About this task
Everything from the line containing "Global Injectable Drug" to the last line of the material below must be retyped exactly, both ends included; skip the pictures.

Information supplied
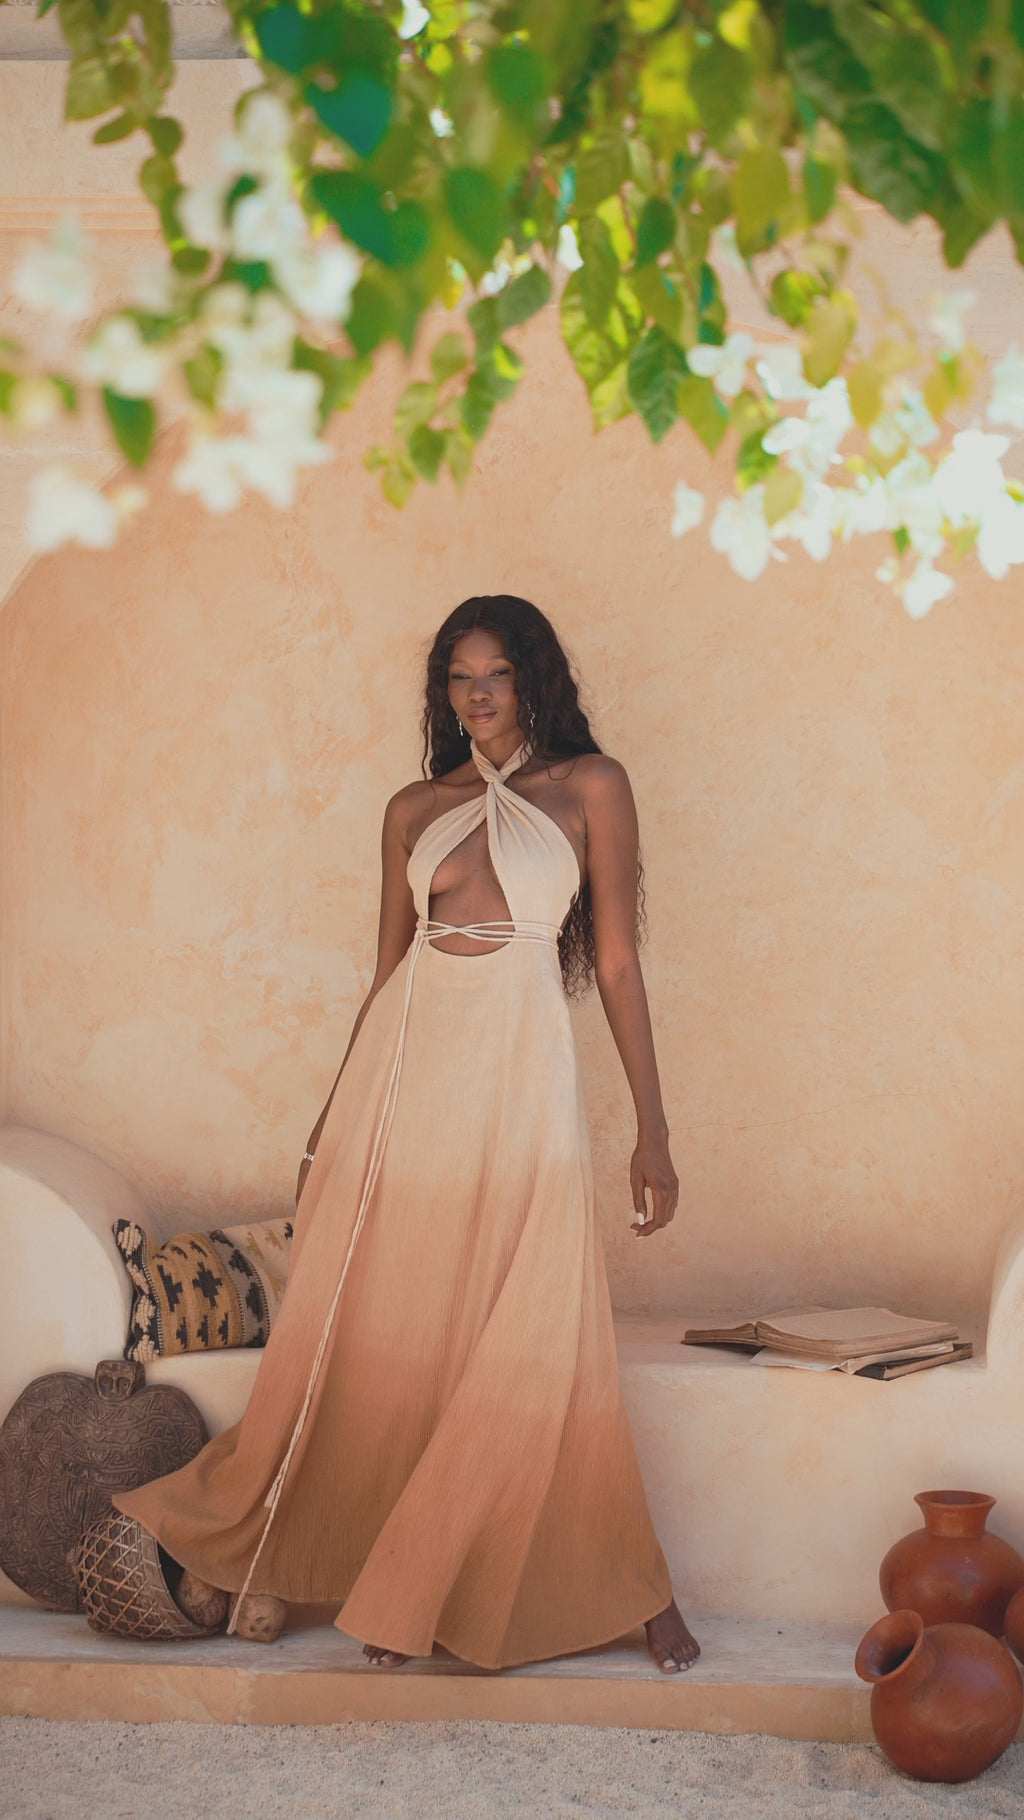 A visual glimpse of our Bohemian Adjustable Dress; Powder Pink in color for weddings or proms, displaying the eco-friendly ombre Aphrodite style created with natural dye processes and premium Organic Linen & Cotton.
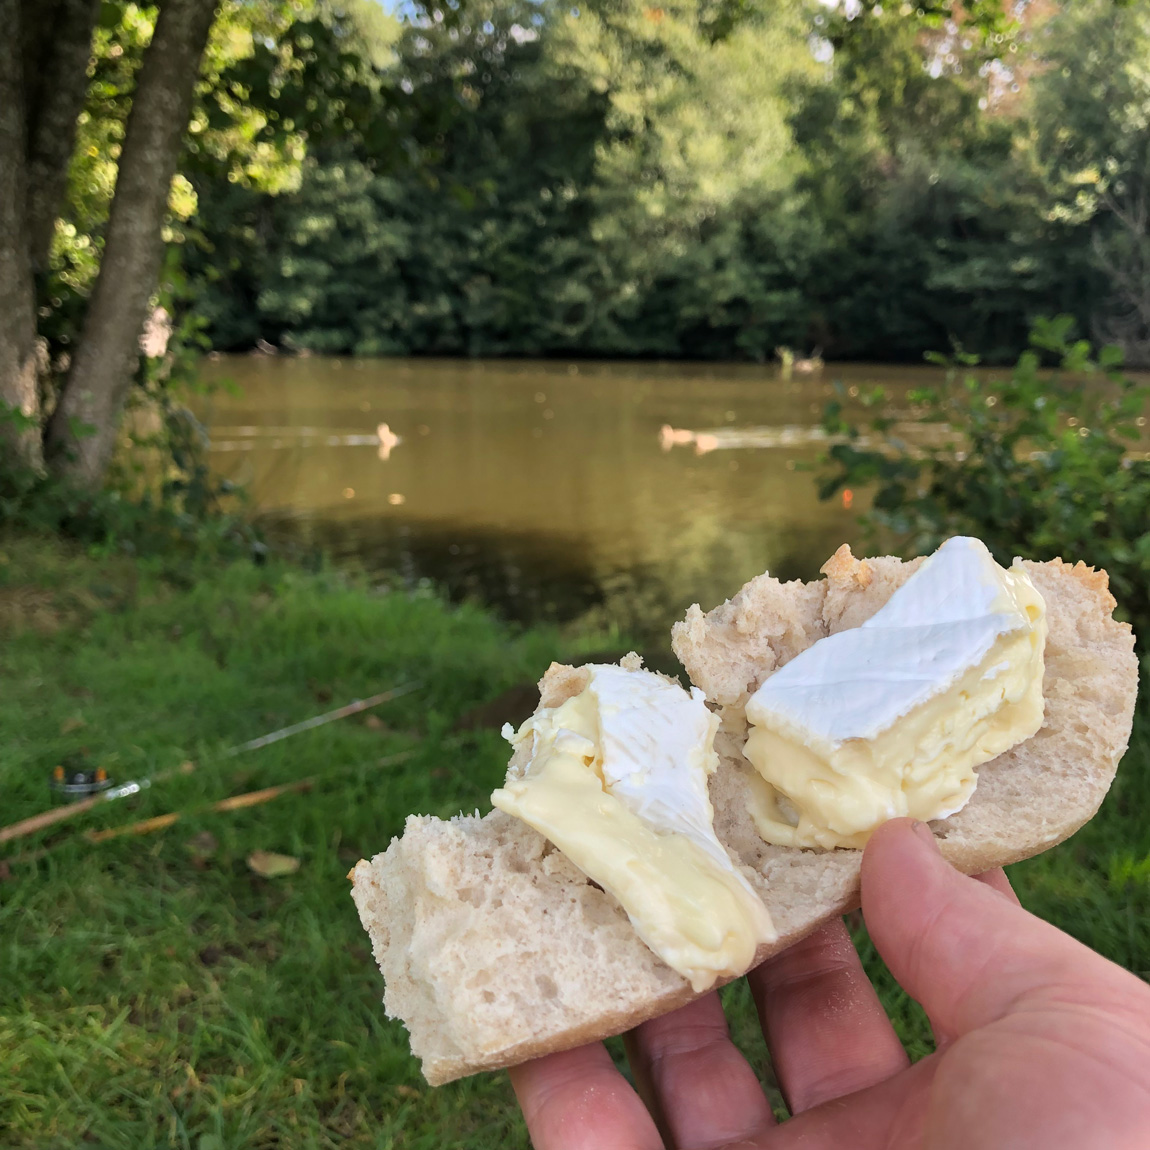 Lunch while fishing at Chiddingstone Castle.
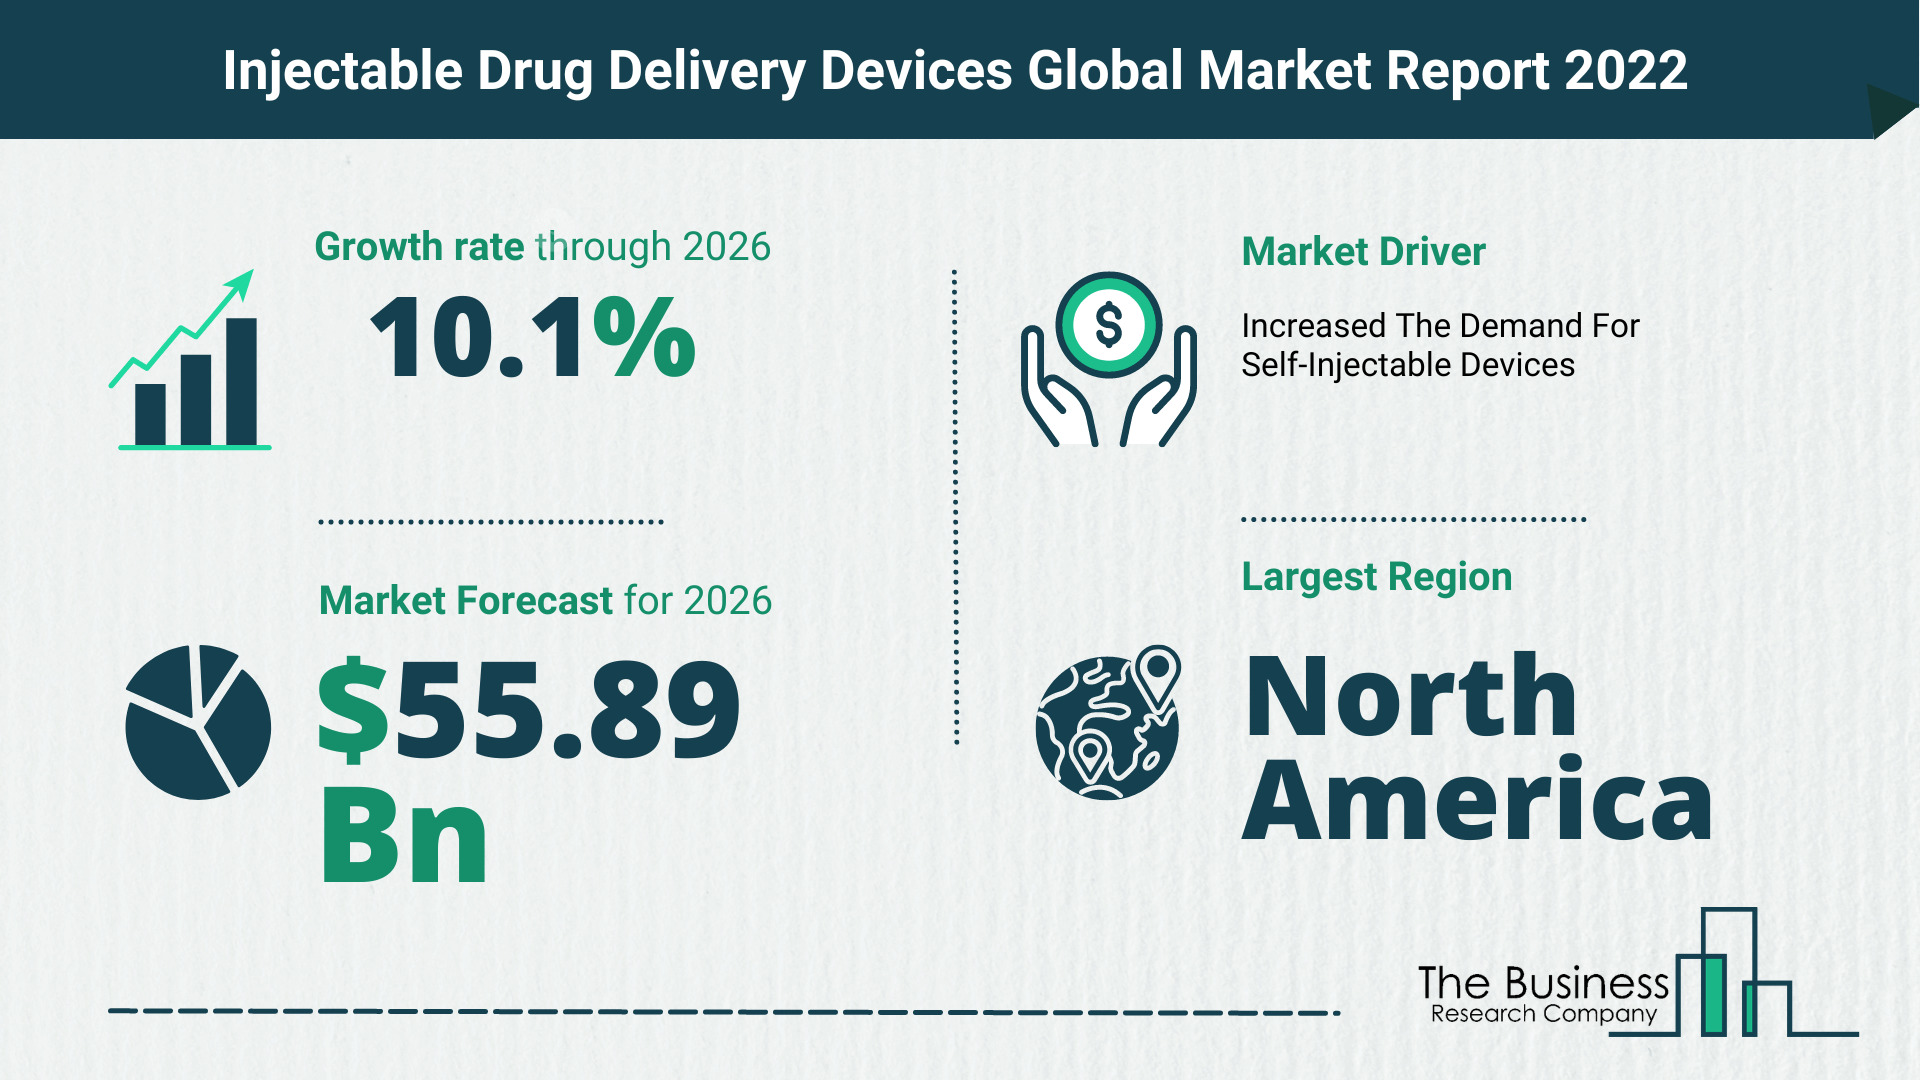 Global Injectable Drug Delivery Devices Market
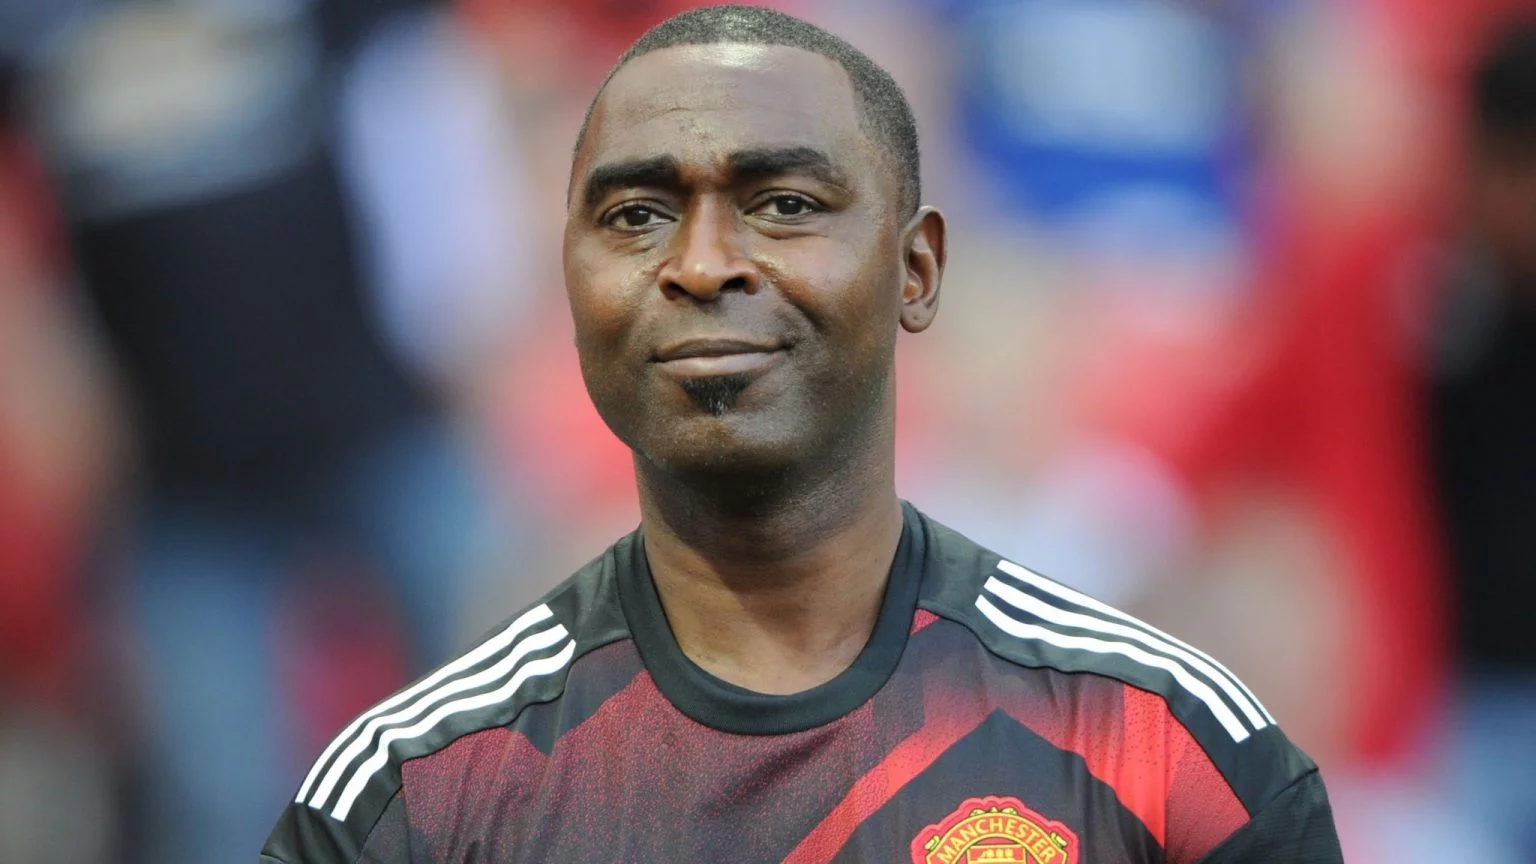 EPL: If I played with you, it’d drive me mad – Andy Cole slams Man Utd forward

Response for this exercise
 Global Injectable Drug Delivery Devices Market
 EPL: If I played with you, it’d drive me mad – Andy Cole slams Man Utd forward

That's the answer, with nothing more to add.